The teaching of many contemporary Wesleyan-Arminian evangelicals pragmatically places them in the Semi-Pelagian camp.
Wesleyan-Arminian theologians and traditions holding this view acknowledge “total depravity” and the state of “natural humanity” as spiritually dead to God, thoroughly corrupt, and absolutely dependent upon God’s initiative in the work of salvation. However, they believe God has taken that initiative through prevenient grace given to all, defining prevenient grace as stated above. As such, this teaching pragmatically places people in the Semi-Pelagian camp; people can initiate a move toward God at any time, but only as a result of God’s initiative of prevenient grace. Thus, theologically this moves them closer to Semi-Augustinianism. For our purposes, this Wesleyan understanding is placed between the Semi-Pelagian and the Semi-Augustinian positions as representative of a soft Semi-Augustinianism, but some might argue that this is a harder form of semi-Pelagianism.
Examples of this form of Wesleyan-Arminianism, softer Semi-Augustinianism, would include The Wesleyan Church and The Nazarene Churches, at least as stated in their Articles of Religion addressing prevenient grace.
For Wesley prevenient grace in itself does not restore to people the ability to exercise faith, much less repentance—these are works of God, not of men and women.

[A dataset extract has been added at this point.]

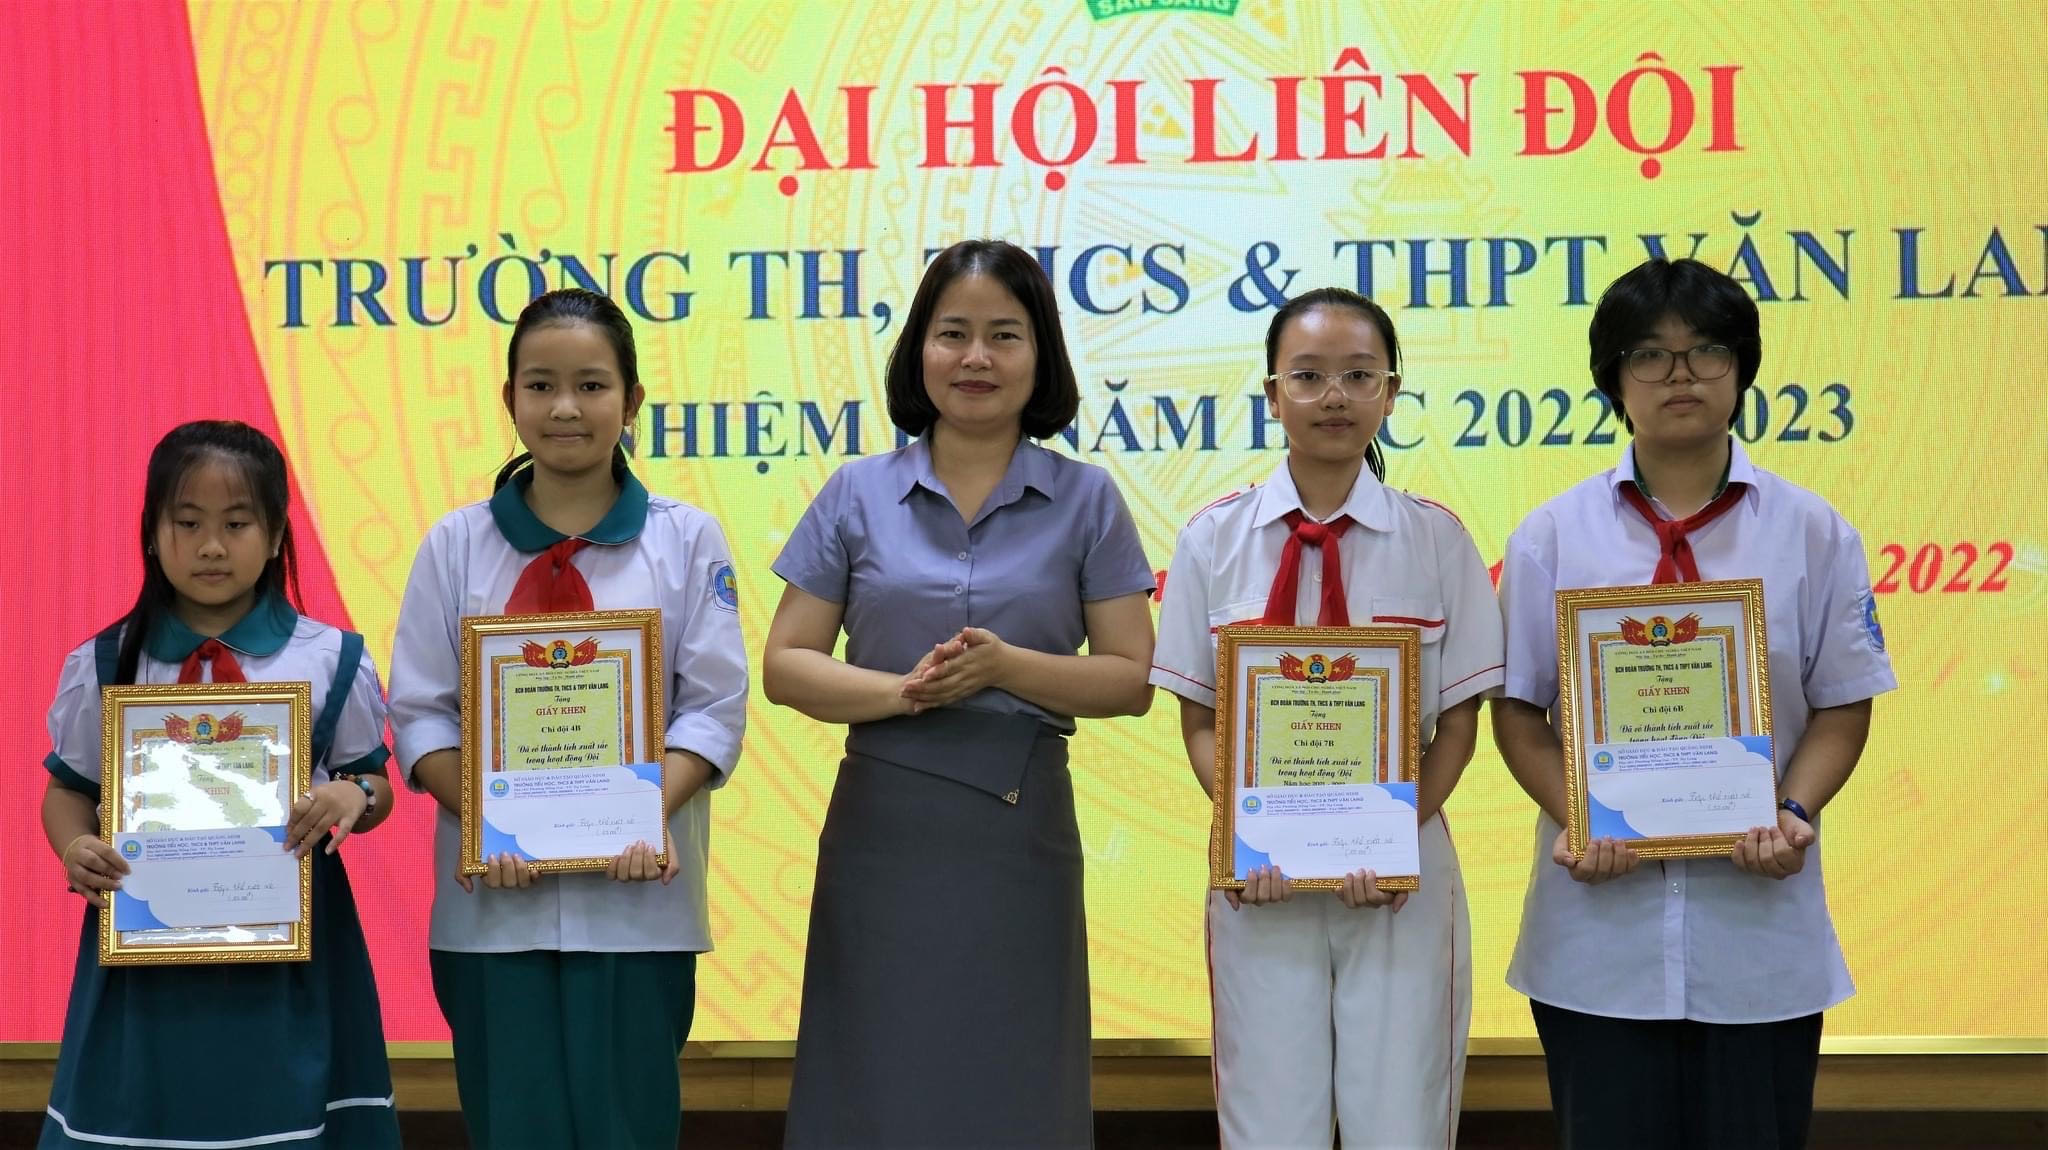 Trường TH, THCS & THPT Văn Lang tổ chức Đại hội Liên đội năm học 2022 - 2023

As a note here, John Wesley would disagree with prevenient grace so defined. This contemporary understanding is a fundamental misappropriation of Wesley’s teaching on prevenient grace. To Wesley prevenient grace given to all humanity brings the power to respond to grace, not the power to believe. Wesley would say that as a result of prevenient grace human beings are able to cooperate with further offers of grace by God—not that they have the power to believe whenever they hear the gospel. For Wesley prevenient grace in itself does not restore to people the ability to exercise faith, much less repentance—these are works of God, not of men and women. Prevenient grace enables a person to cooperate with further works of divine grace made available through the means of grace: grace that convicts a person of sin, convinces a person of the need for Christ, and creates saving faith.